GSVD was first used in 2003 to analyse microarray expression data from human and budding yeast to identify common and unique pheromone and stress response patterns between these two species [104]. HO-GSVD recently proved effective at identifying pathways important for self-renewal of neural progenitors [136]. GSVD was shown to identify patterns unique to glioblastoma multiforme, a type of brain tumour, which was useful for prognostic purposes [137]. Similarly, genelets that are active in normal samples were identified [138]. These genelet signals were then removed from the total signal in cancer samples, revealing a cancer-specific signature [138]. Both of these studies demonstrated that signatures unique to the cancer had a strong signal for genes duplicated in the cancer [137, 138], as is common in cancers, suggesting that identified profiles reflect the oncogenic events in the genome.
It is not surprising that differential co-expression methods are growing in popularity as the cost of high-quality expression data decreases. While these methods have not yet been applied to RNA-seq data, recent findings from microarray studies make this an exciting prospect. However, because these methods are sensitive to outliers, they require high-quality data.
Differential co-expression without prior grouping
An alternative method for detecting differentially expressed clusters between subpopulations of data is biclustering. If a data set contains several biologically distinct but unknown sample groups, biclustering can identify genes with a similar expression pattern in only a sub-set of the samples without the need for prior sample classification (Figure 3F). This is particularly useful when such information is not available, as can be the case for large-scale single-cell RNA-seq experiments like those using the Drop-seq system [139] or inDrop [140].
In a clinical study it is often possible to predefine groups of healthy and diseased samples. However, the same disease can manifest through different mechanisms. This is a scenario common in cancer, where different mutations can lead to different alterations in co-expression patterns but a similar phenotype [7]. Biclustering allows researchers to disentangle the mechanisms in the cases where predefining biologically relevant sample groups is difficult. For this purpose, biclustering is more effective than other co-expression analysis methods [7].
Cheng et al. were first to use biclustering in co-expression analysis [141], followed by the development and application of many more biclustering approaches (reviewed by Pontes et al. [106]). The choice of biclustering method depends on the number of samples and factors such as whether the samples are species- or tissue-specific and whether the included samples constitute disease phenotypes and/or different time points. Biclustering methods can be computationally challenging depending on the method used [106]. Methods should be selected carefully because different biclustering approaches can have varying results in the same data set [142].

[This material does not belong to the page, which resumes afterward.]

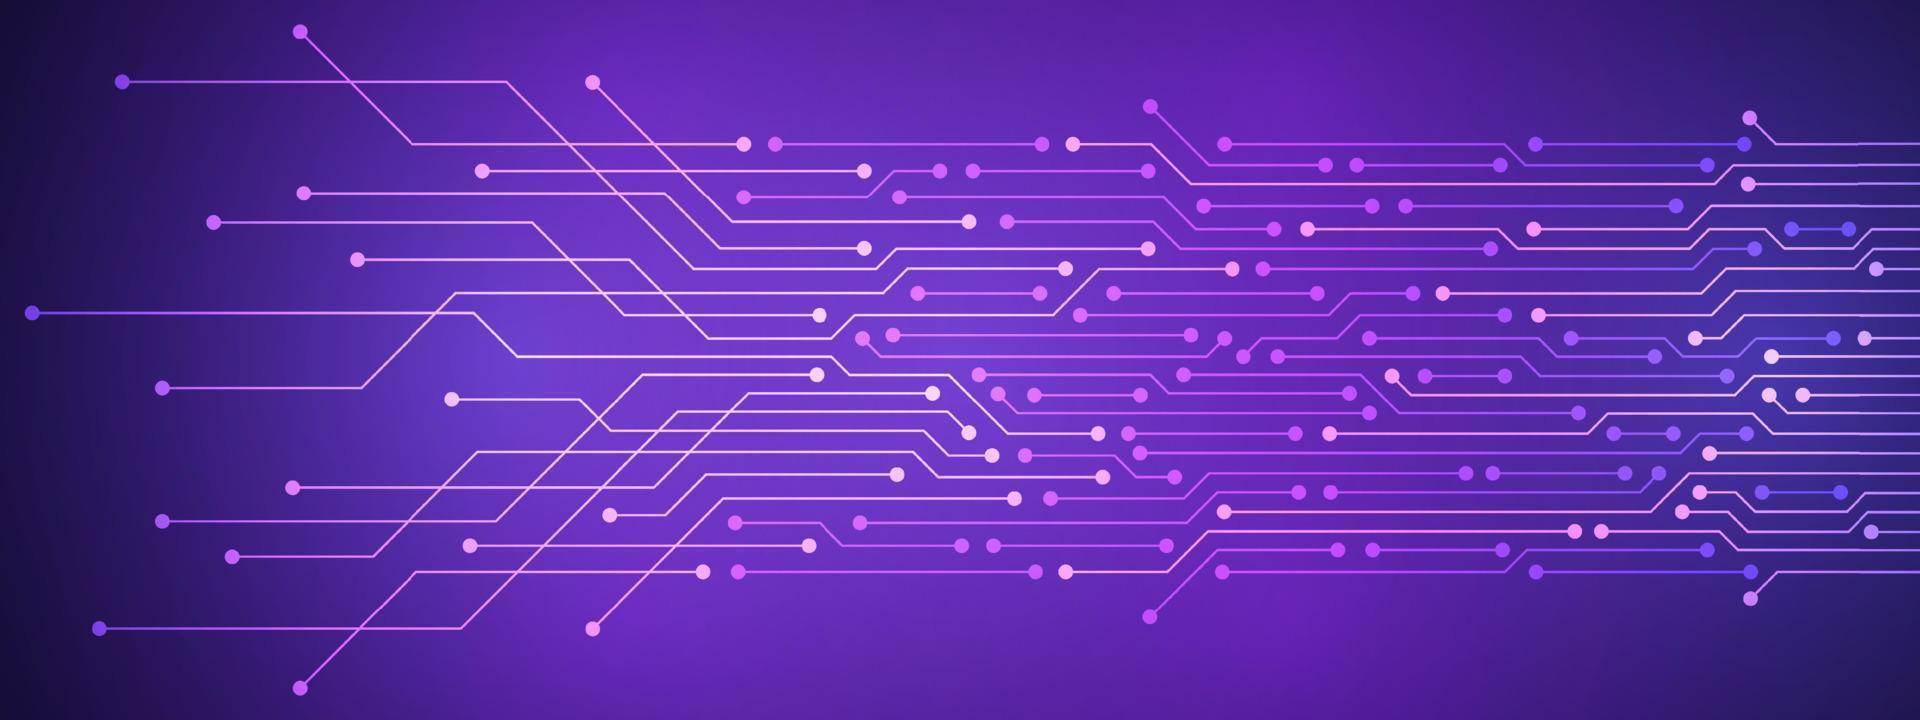 Abstract Digital Technology Background, purple circuit board pattern, microchip, power line vector

Biclustering approaches were recently applied to RNA-seq-based expression data. Analysis of the expression data from several developmental stages of worm and fruit fly, by identifying biclusters containing similar orthologous gene sets unique to different developmental stages between the two species, led to the identification of genes with a similar, and thus conserved, function in development [132]. Biclustering has also been applied to single-cell RNA-seq data [5]. Because biclustering groups genes and samples simultaneously, it enabled the simultaneous identification of groups of cell types and corresponding gene modules to reveal 49 different cell types and their corresponding cell-type-specific gene modules, results that were later supported by experimental validation [5]. With the emergence of single-cell RNA-seq, biclustering methods may be able to identify cell-type-specific modules that are present in diseased but not in healthy cells.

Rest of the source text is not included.